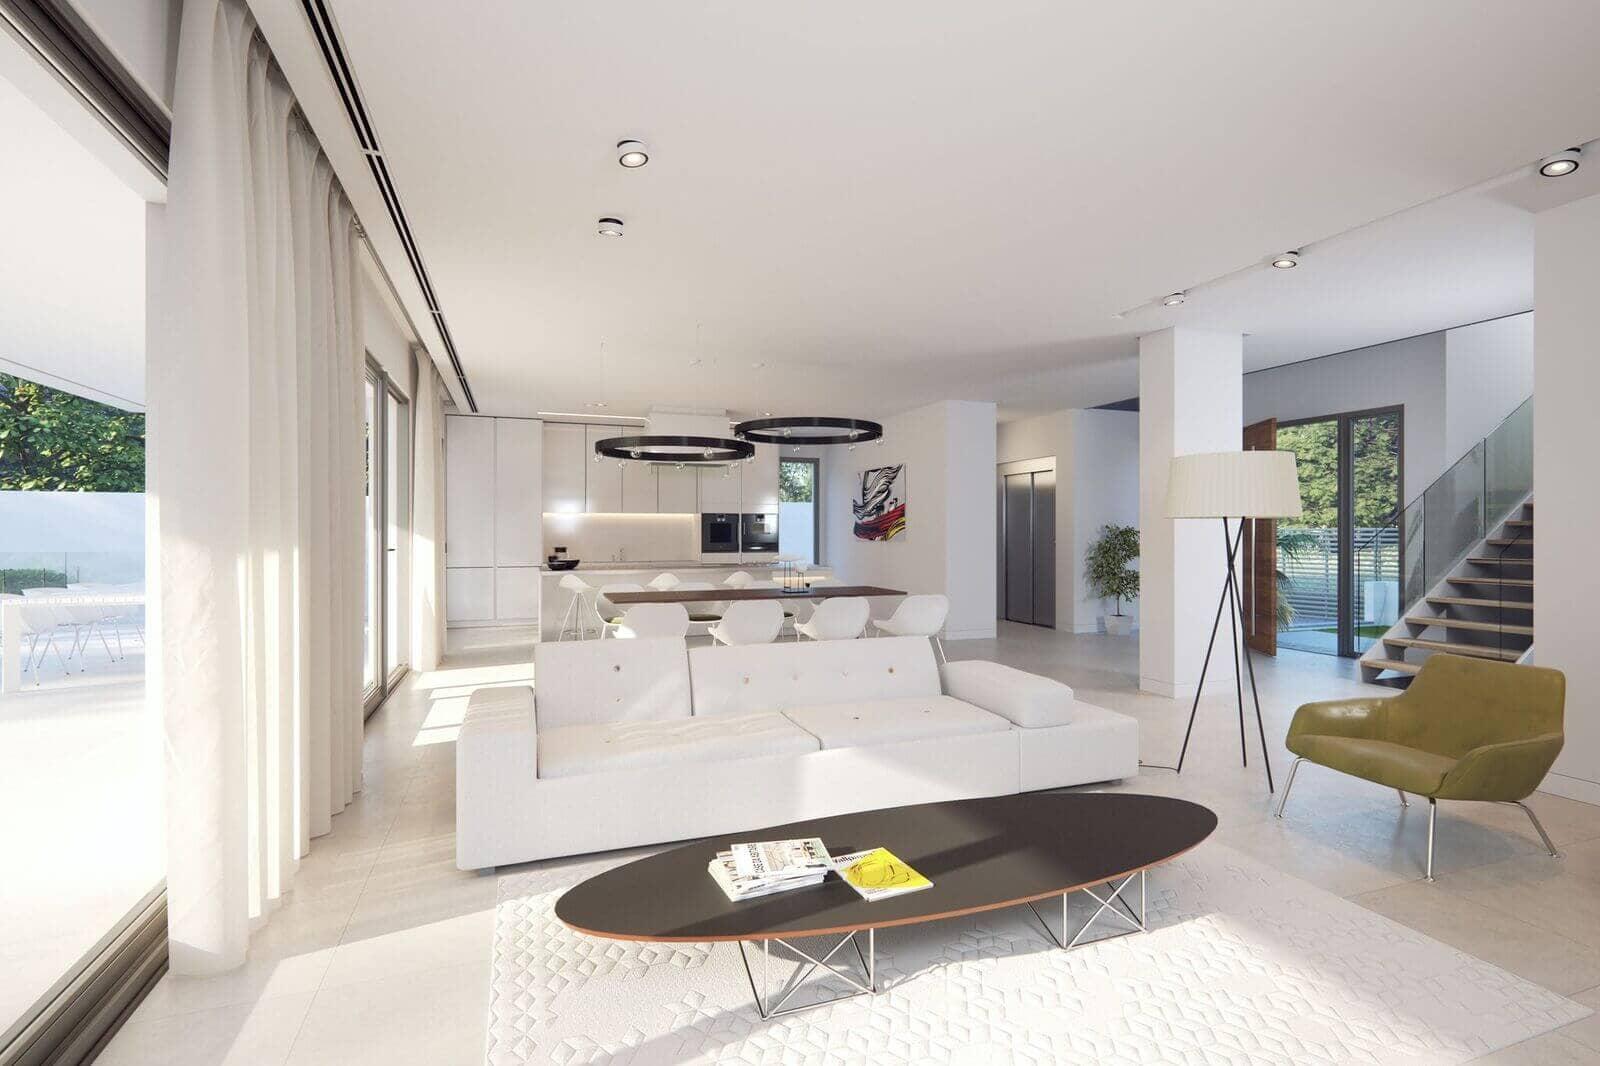 Villas gardenias moderne off plan villas op topligging for Moderne living
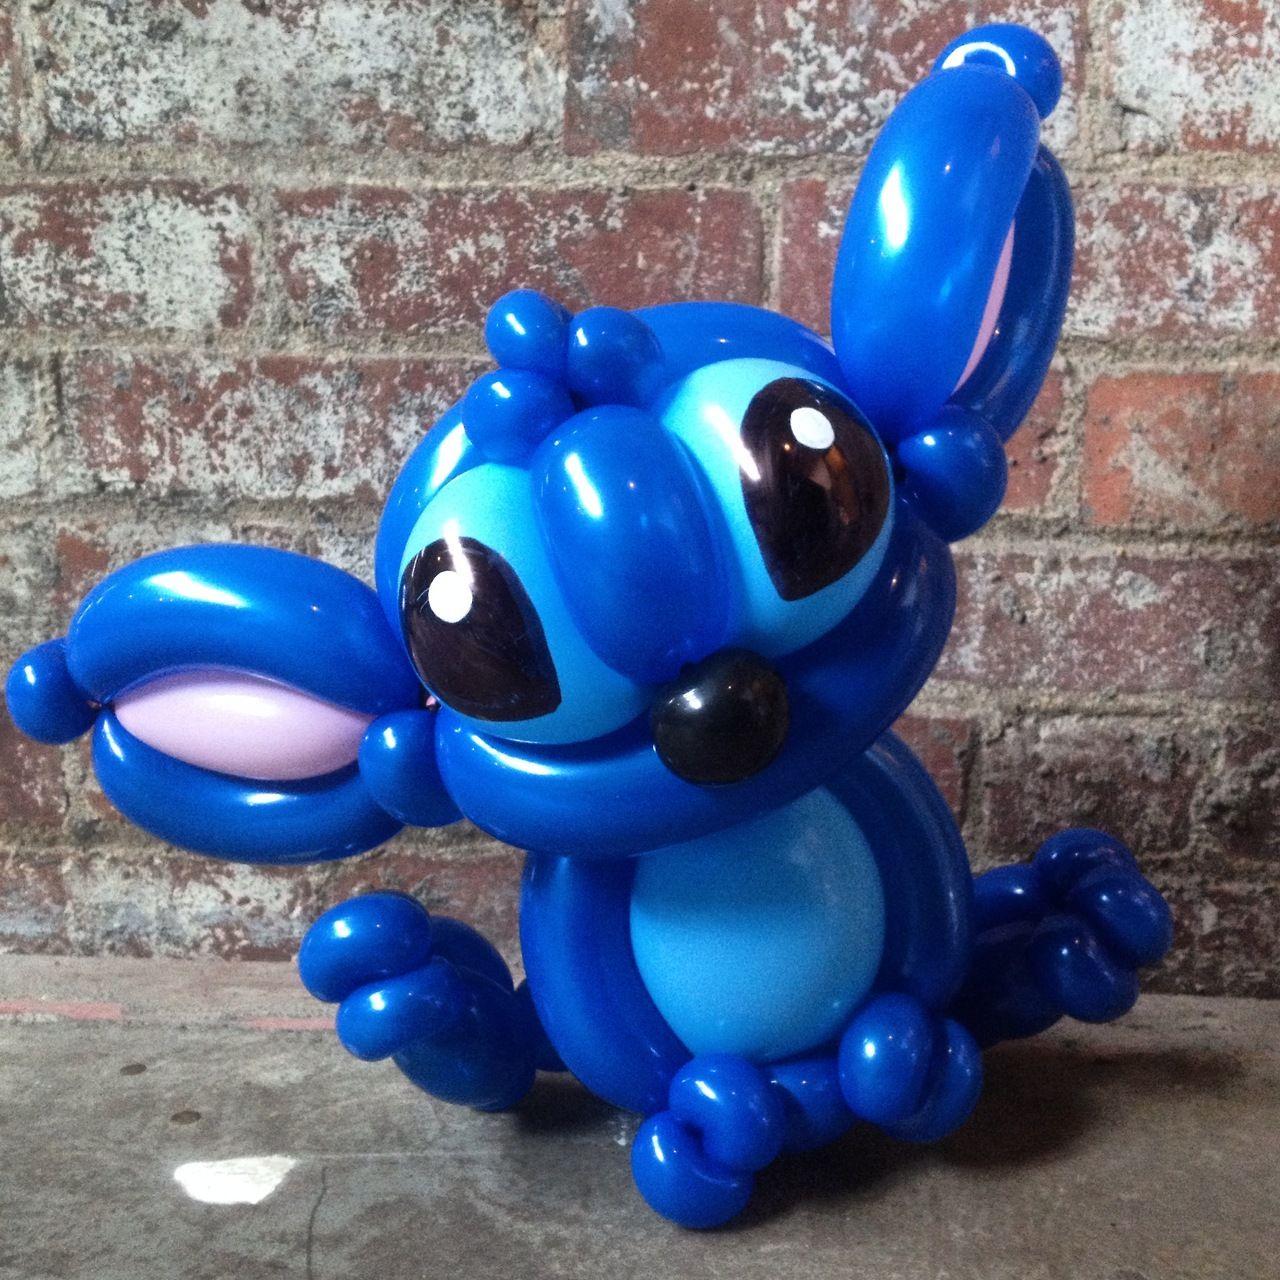 Day 233: #Stitch (aka. Experiment 626) #LiloandStitch #BalloonAnimals #Disney
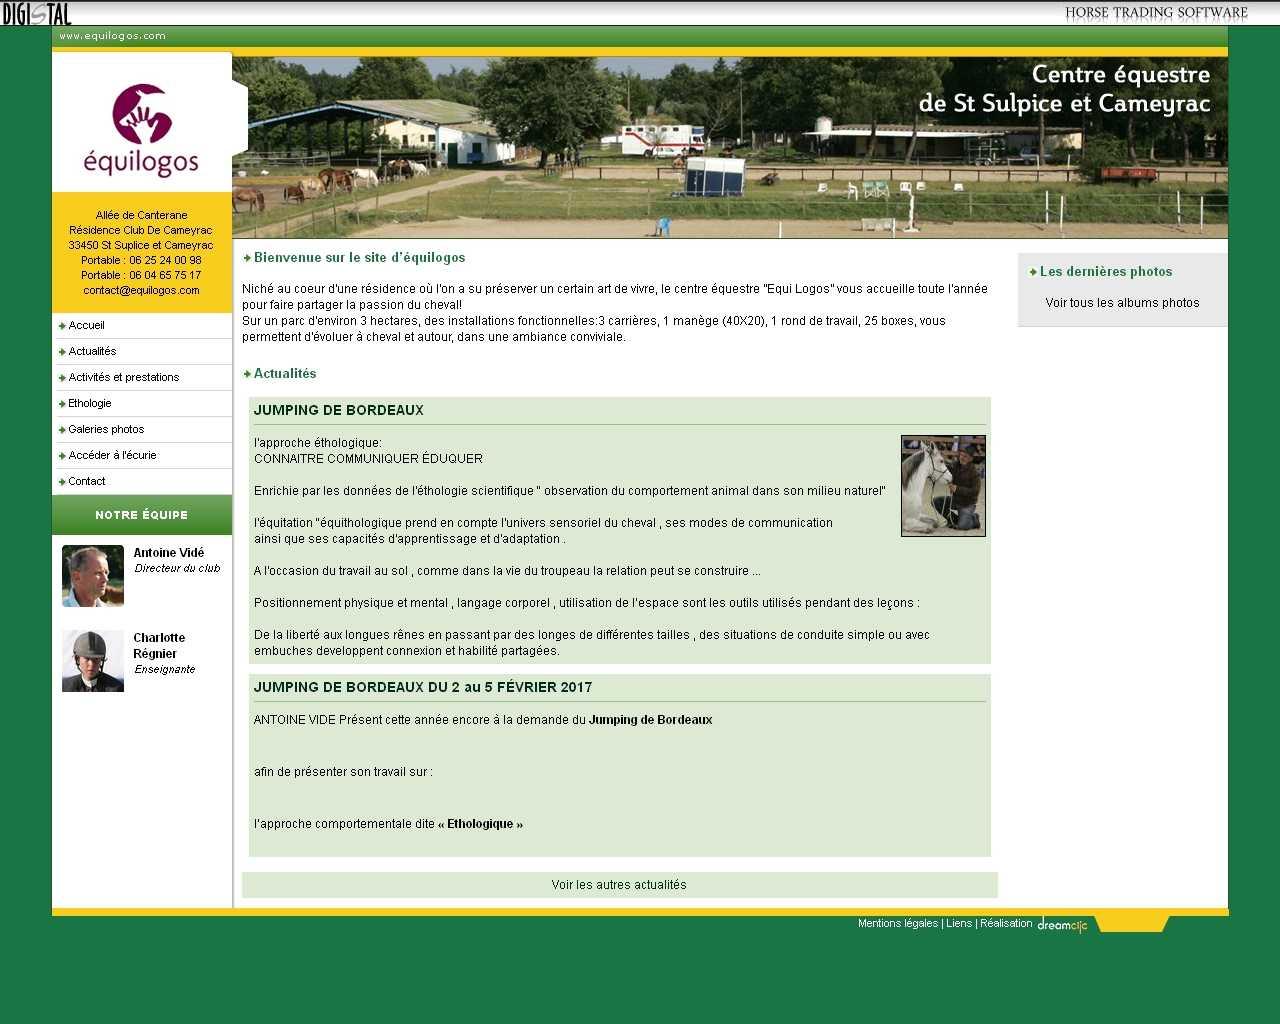 Visuel du site Equi Logos

----------

▶ _WHAT YOU WILL DO_
Please reproduce verbatim the lines from the line with "Day 233: #Stitch" through the final line of the listing, inclusive of both ends. Omit all pictures.

▶ _EXERCISE RESPONSE_
 Day 233: #Stitch (aka. Experiment 626) #LiloandStitch #BalloonAnimals #Disney
 Visuel du site Equi Logos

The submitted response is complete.